Мэр удивился – его считали конкретным психом, причем опасным, судя по ужасу, промельнувшему в дебрях всей этой клоунады – нового кошмара наяву. «Если бы только это был тоже сон!..» Всеволод Иванович вспоминал запах кофе и вкус горячей булочки с маком и корицей… Он не мог поверить, что эти ощущения ему создали искусственно!
Ученые, столпившиеся вокруг стола, смотрели на привязанного, словно на вскрытый труп, и размышляли, куда его отослать, наконец: в ад или в рай. Некоторые смотрели ему в глаза, другие не могли и сверлили отрешенными взглядами синяк на его плече, катетер, торчащий из его вены, или прыщик у него на лбу. Лампы дневного света грозно гудели, обозначая важность момента, будто барабанная дробь, нагнетавшая страх перед смертельным номером.
– Кто за полную утилизацию материала? – бодрым голосом произнес главный в «бабочке», вскинув руку и глянув на часы.

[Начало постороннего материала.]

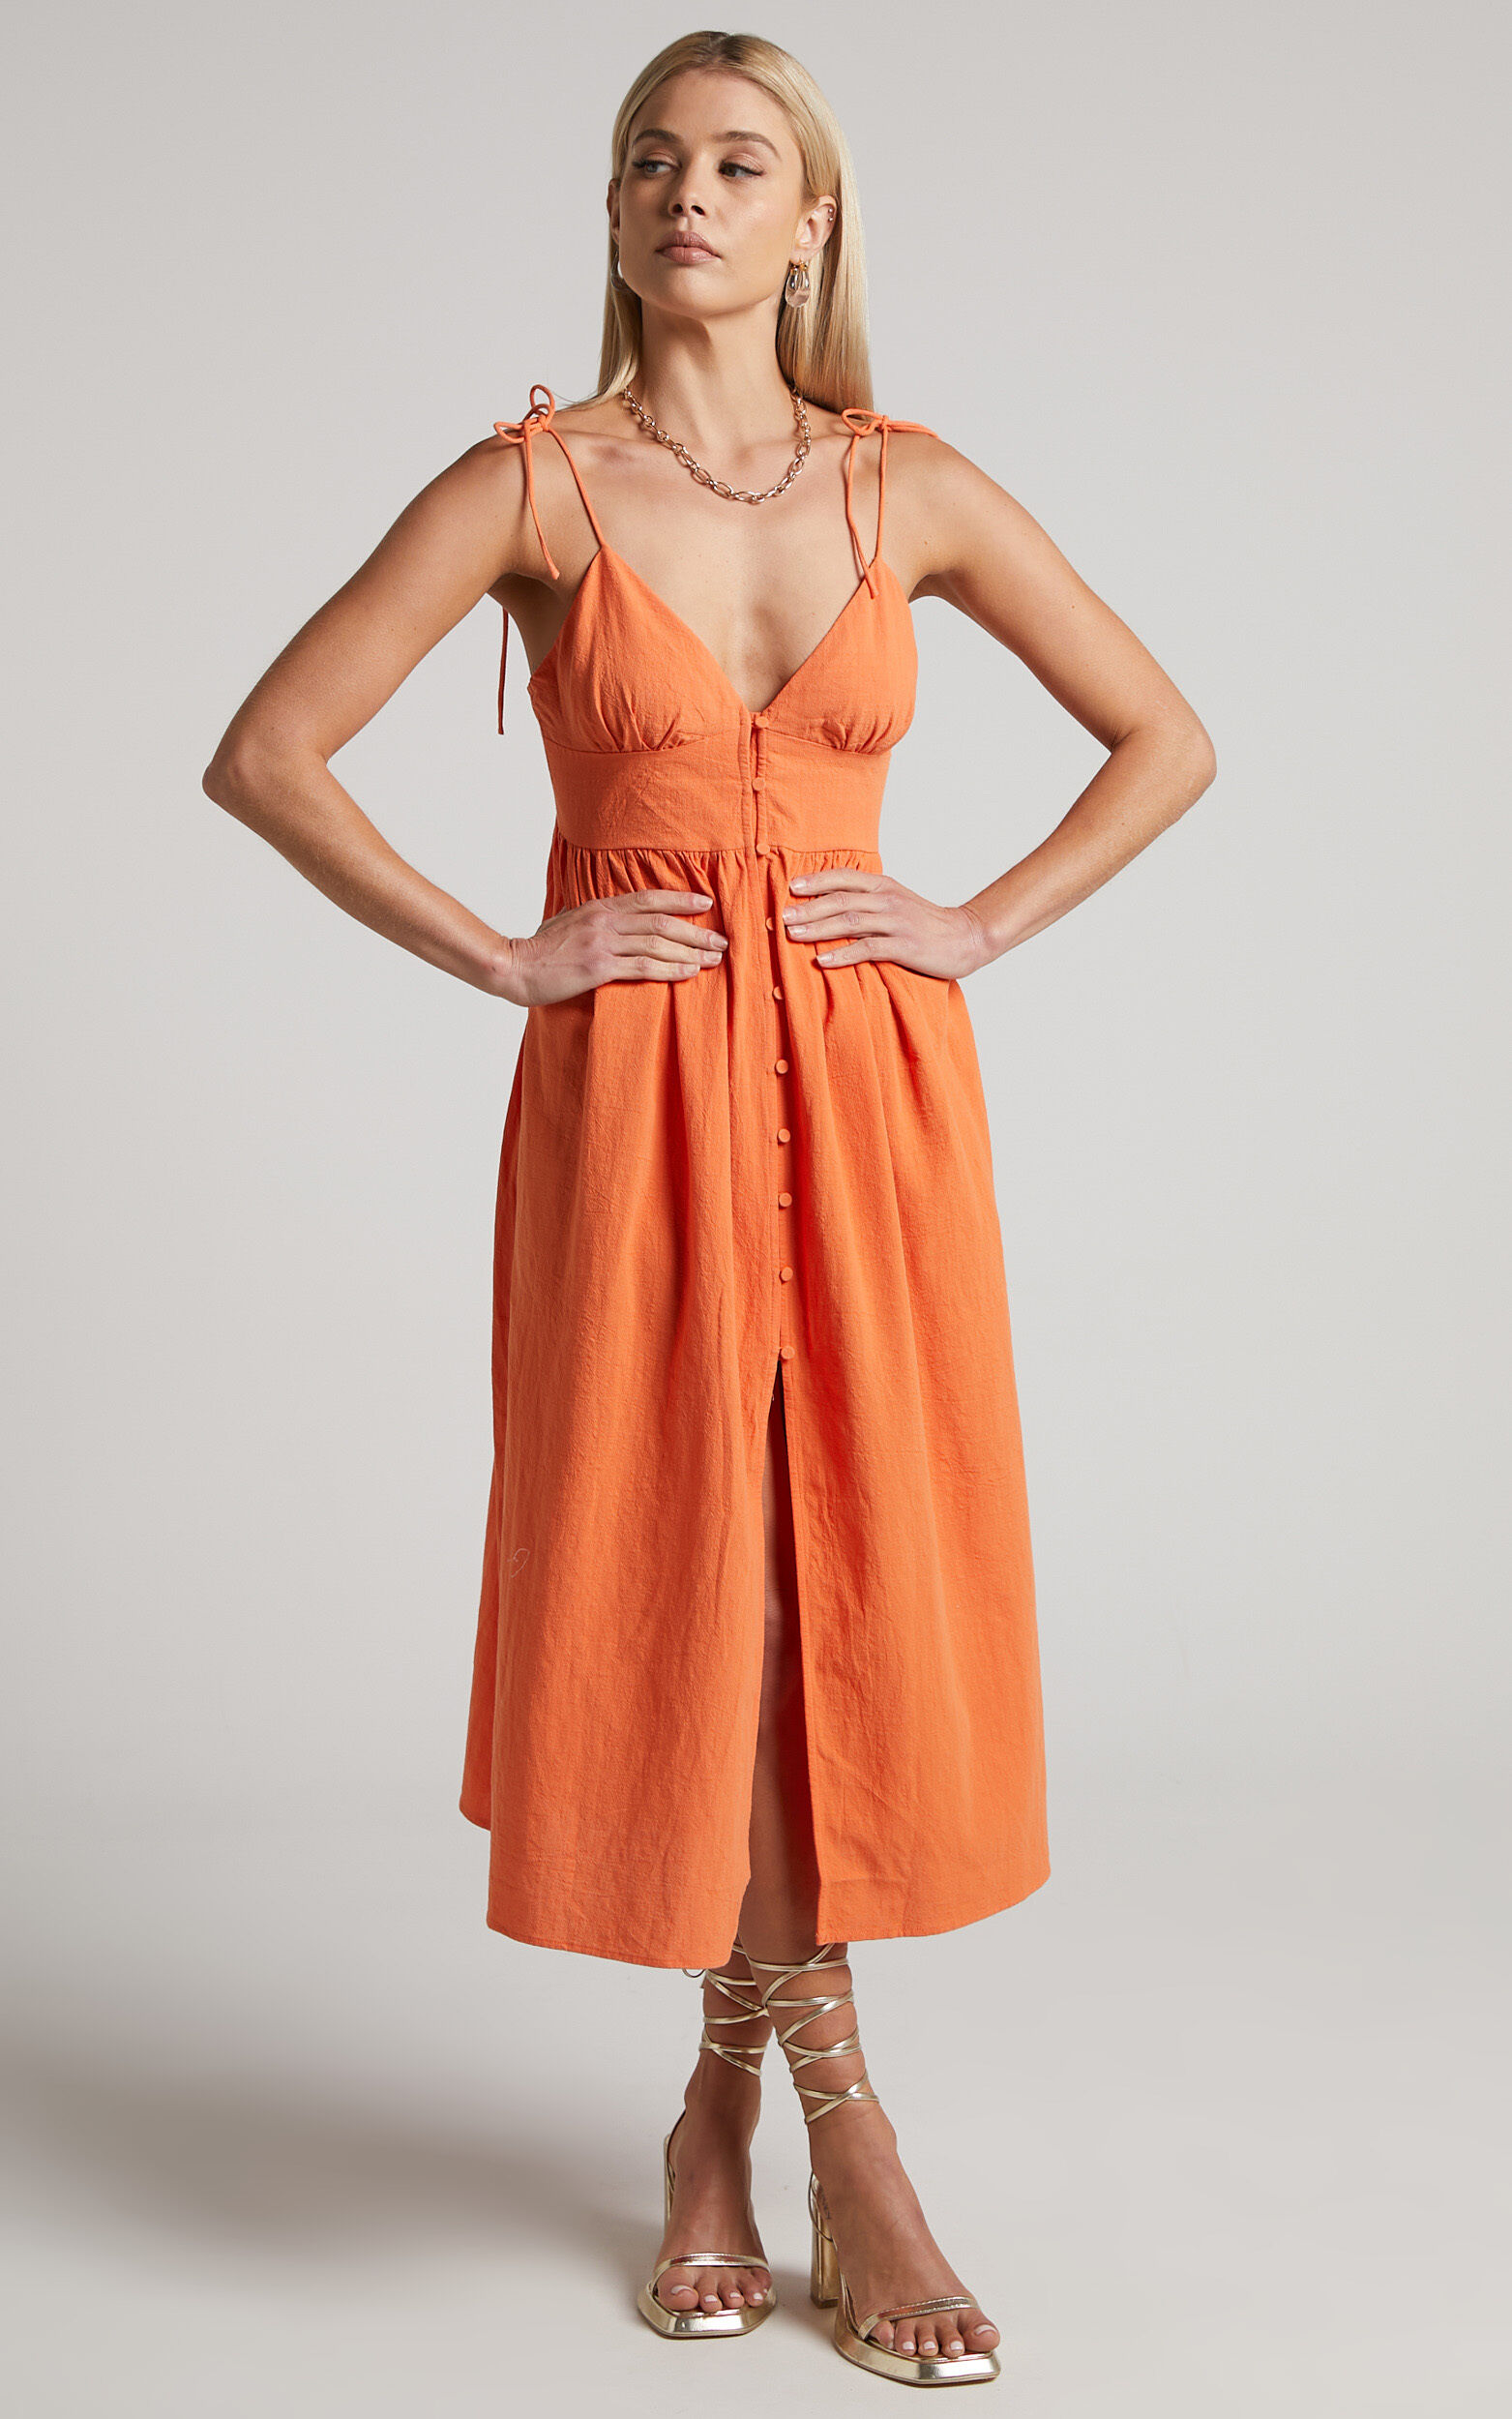 Chalmer Midi Dress - Tie Shoulder V Neck Button Up Dress in Orange - 04, ORG1, super-hi-res image number null

Роза подняла руку, которую мэру было плохо видно на фоне яркого слепящего потолка, бъющего лампами в глаза. Но он рискнул повернуть голову, чтобы рассмотреть в последний раз ее тонкие длинные пальцы, которые
Множество других рук тоже взвилось вверх…

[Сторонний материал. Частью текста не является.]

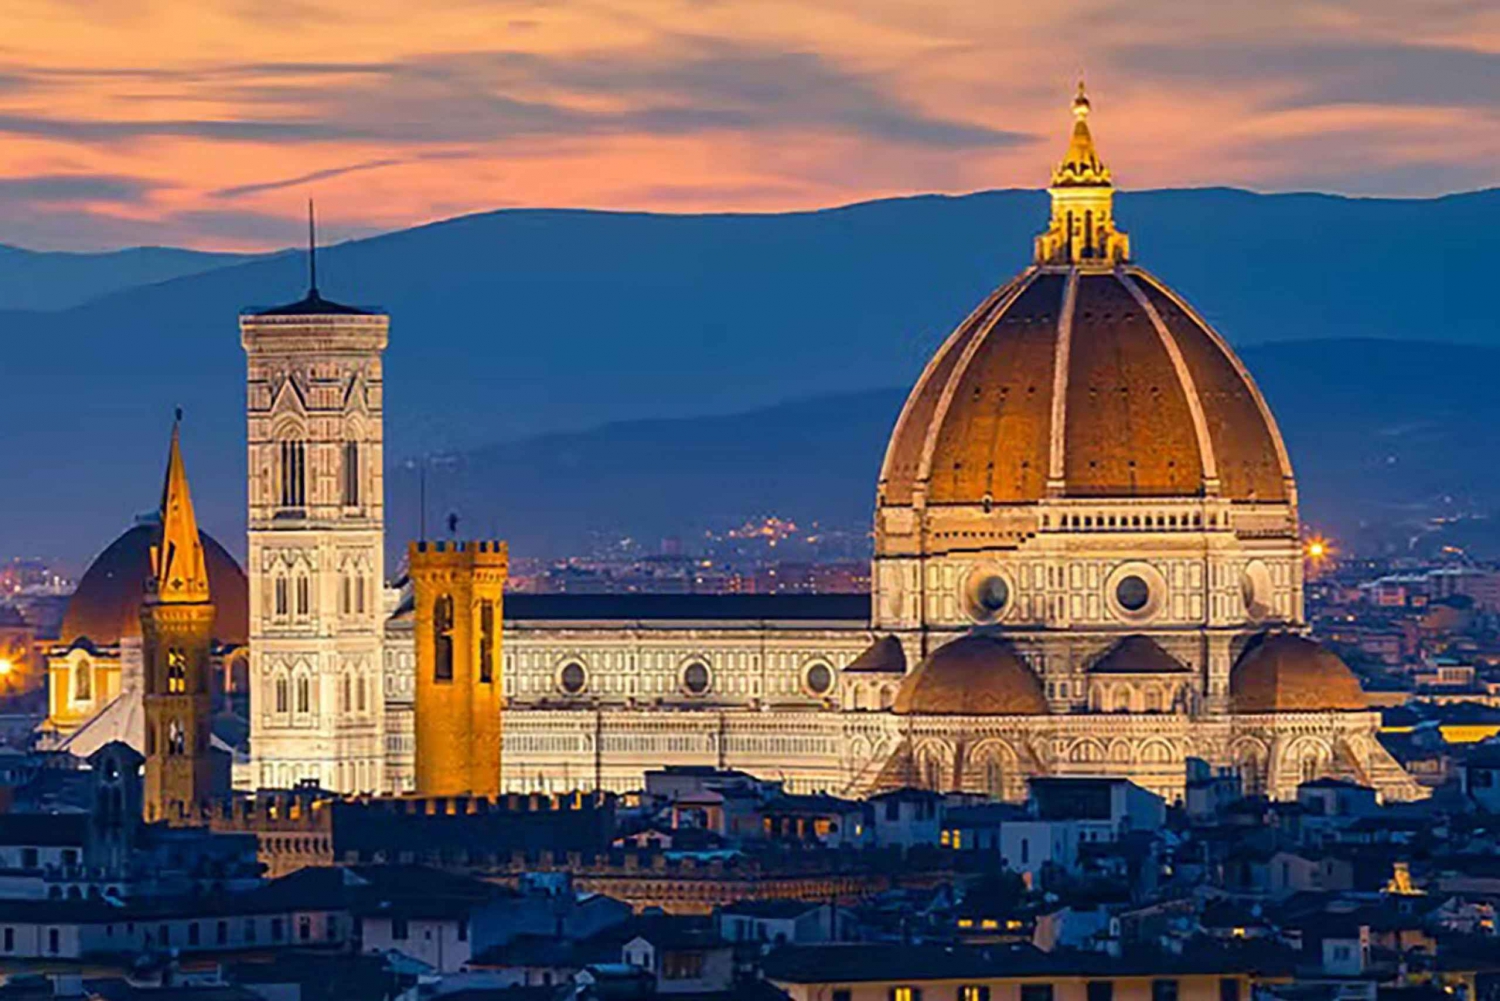 Bezoek de iconische Duomo van Florence

– Принято, – резанул напряженную тишину голос главного. В его руках откуда не возьмись блеснул большой шприц с ядовито-розовым содержимым. Ученый подошел вплотную к пациенту и воткнул иглу в пластиковую трубочку катетера.
«Чертовщина какая-то», – подумал обреченный пациент номер 12344, прежде чем провалиться в небытие…
Плюс, минус или ноль?
– Как ты думаешь, сколько людей сейчас чувствуют себя счастливыми?
– Ну, около трех с половиной миллиардов.
– А несчастными?
– Примерно столько же.
– Что же остальные?
– Ничего не чувствуют, потому что численность населения Земли около семи миллиардов.
Захар задумался, глядя на маленький светящийся глобус, подаренный когда-то Дедом Морозом по личному заказу под бой курантов. Захар чувствовал себя счастливым всего секунду назад, когда думал, сколько людей на свете счастливы! Но тут же расстроился, вспомнив про больных и одиноких. Папа Захара продолжал читать статью в журнале о глобальном потеплении и прогнозах на ближайшие сто лет в аспекте изменения климатических условий на планете. Папу беспокоили перспективы выращивания зерна и стратегических запасов в отечестве гораздо больше, чем процент счастья на душу населения. Маленькая кухня старенькой однокомнатной квартиры не вмещала больше двух желающих пофилософствовать в обществе чайника, поэтому мама удалилась в ванную заниматься бельем. О чем думала мама в ванной, никто не знал. Скорее всего о белье и стиральном порошке, которым следовало бы его постирать. О чем еще могут думать мамы?!
– Пап, а вот если учесть ось времени, тогда как?
– Что как?
– Ну вот минуту назад я чувствовал, что счастлив, а потом расстроился. И так же другие люди. Как тогда посчитать, сколько счастливых, а сколько несчастных?
Папа молчал, будто бы обдумывая сложный вопрос. Не спеша потянулся за чайником, подлил в остывший чай кипятку и посмотрел рассеянно на Захарку.
– Слушай, дорогой почемучка, ты уроки сделал?
– Ну пап!
– Сейчас на Земле одним лишенным похода в кино станет больше!
Разочарованно промычав что-то вроде "Ну ты же обещал" и "Нам вообще мало задали", Захар побрел в комнату.
И все же, как посчитать, если люди каждую секунду чувствуют что-то новое? Мысль не отпускала и продолжала преследовать пытливый ум. Захар взял листок бумаги и нарисовал круг. Разделил его пополам. Если и правда существует баланс счастья, то как не учитывай, как не считай, всегда происходит компенсация счастья несчастьем! А если нет баланса? И как это вообще определить?